First, you’re going to need to start with white/vanilla frosting. Any will work (buttercream, cream cheese, powdered sugar icing for cookies, etc) for covering your favorite cookies, cupcakes, cakes, and brownies with a pretty layer of pink.

I used this frosting recipe for the pictures here, divided into four small bowls, and added more or less powdered sugar, as needed, to adjust for the liquid used to make it pink. 

Dye-Free Pink Frosting, Four Ways

Here are four ways to make it happen:

Beets. Raw, shredded, and squeezed in your hands to get all that deep pink juice out. Just a few drops will give you a pale pink, and several tablespoons will deepen your frosting to a magenta hue.
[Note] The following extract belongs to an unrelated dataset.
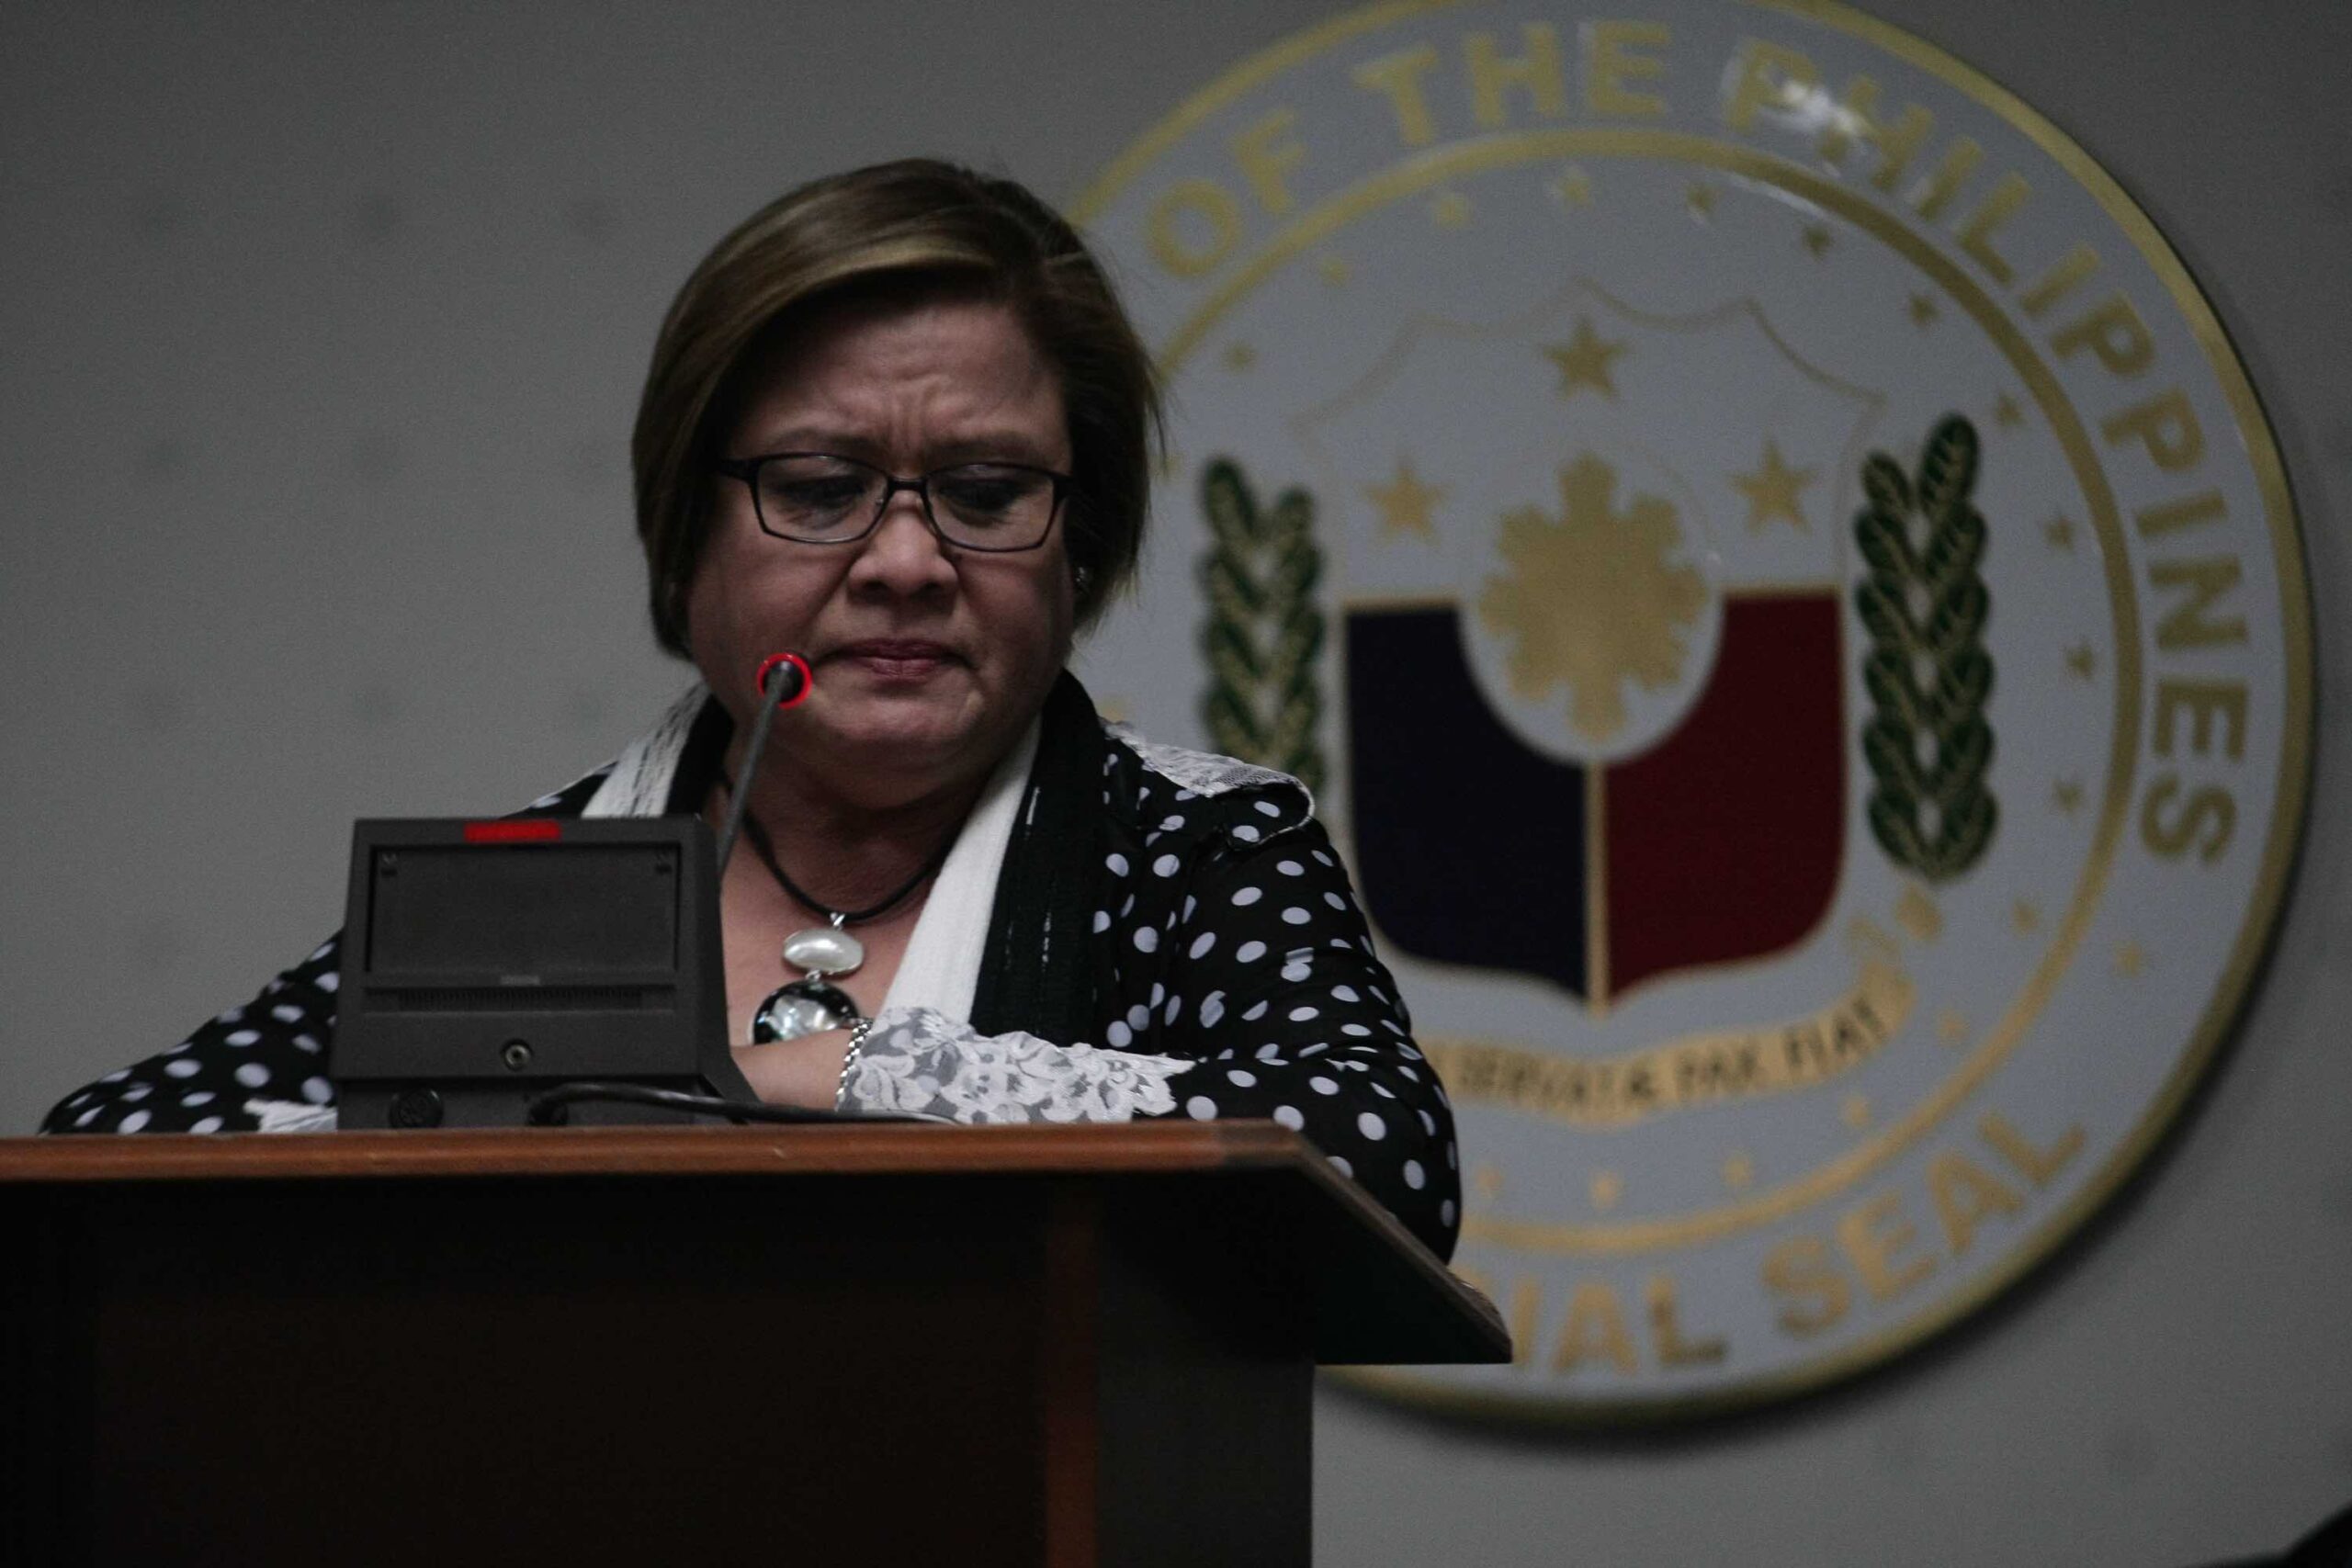 Emotional De Lima vows to fight charges, seeks prayers for safety in jail

And no, it won’t make your frosting taste like beets, at all! Warning: doing this will most definitely turn your hands pink. 
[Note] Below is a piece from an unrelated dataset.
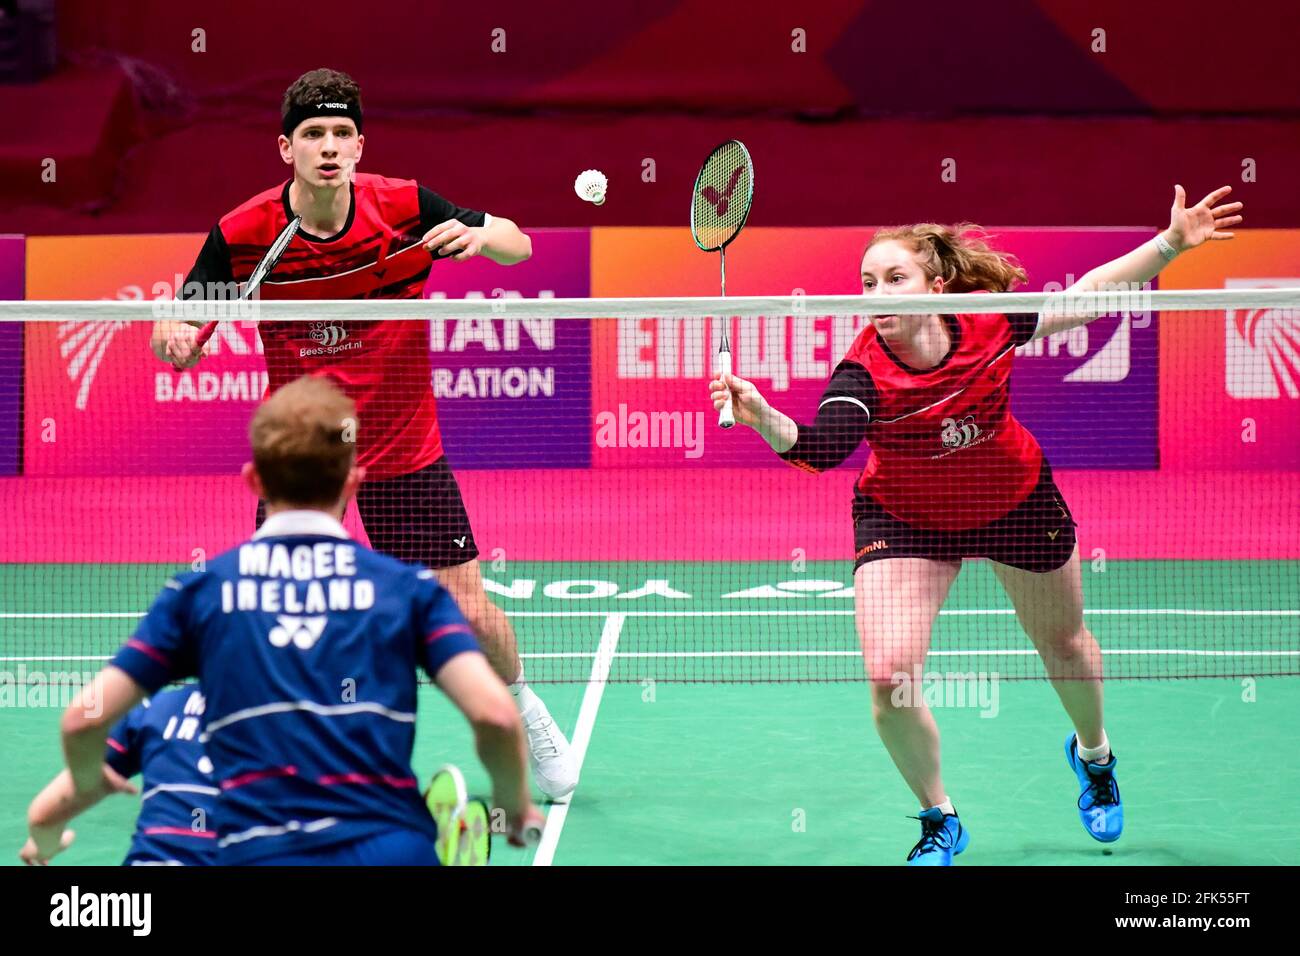 KYIV, UKRAINE - APRIL 28: Debora Jille of The Netherlands competes in her  Mixed Doubles match with Ties van der Lecq of The Netherlands against Sam  Magee of Ireland and Chloe Magee

Dye-Free Pink Frosting, Four Ways

Freeze-dried strawberries. Ground into a fine powder in a food processor, blender, or coffee grinder (that’s been fully cleaned and dried so you don’t have coffee flavored strawberries!) and used in place of some of the powdered sugar in the frosting recipe. This results in a speckled pink color and mild strawberry flavor! 

Dye-Free Pink Frosting, Four Ways

Blood Orange Juice. Squeeze, baby, squeeze. Aka: juice your orange and use a few teaspoons of that crimson juice for a pale bubblegum pink frosting. Since this is less potent, color-wise, than beet juice, you will need to use more to achieve anything more than the palest pink. Be sure your frosting is extra thick to start, or you sub some of the OJ for milk in the frosting, if your recipe calls for it.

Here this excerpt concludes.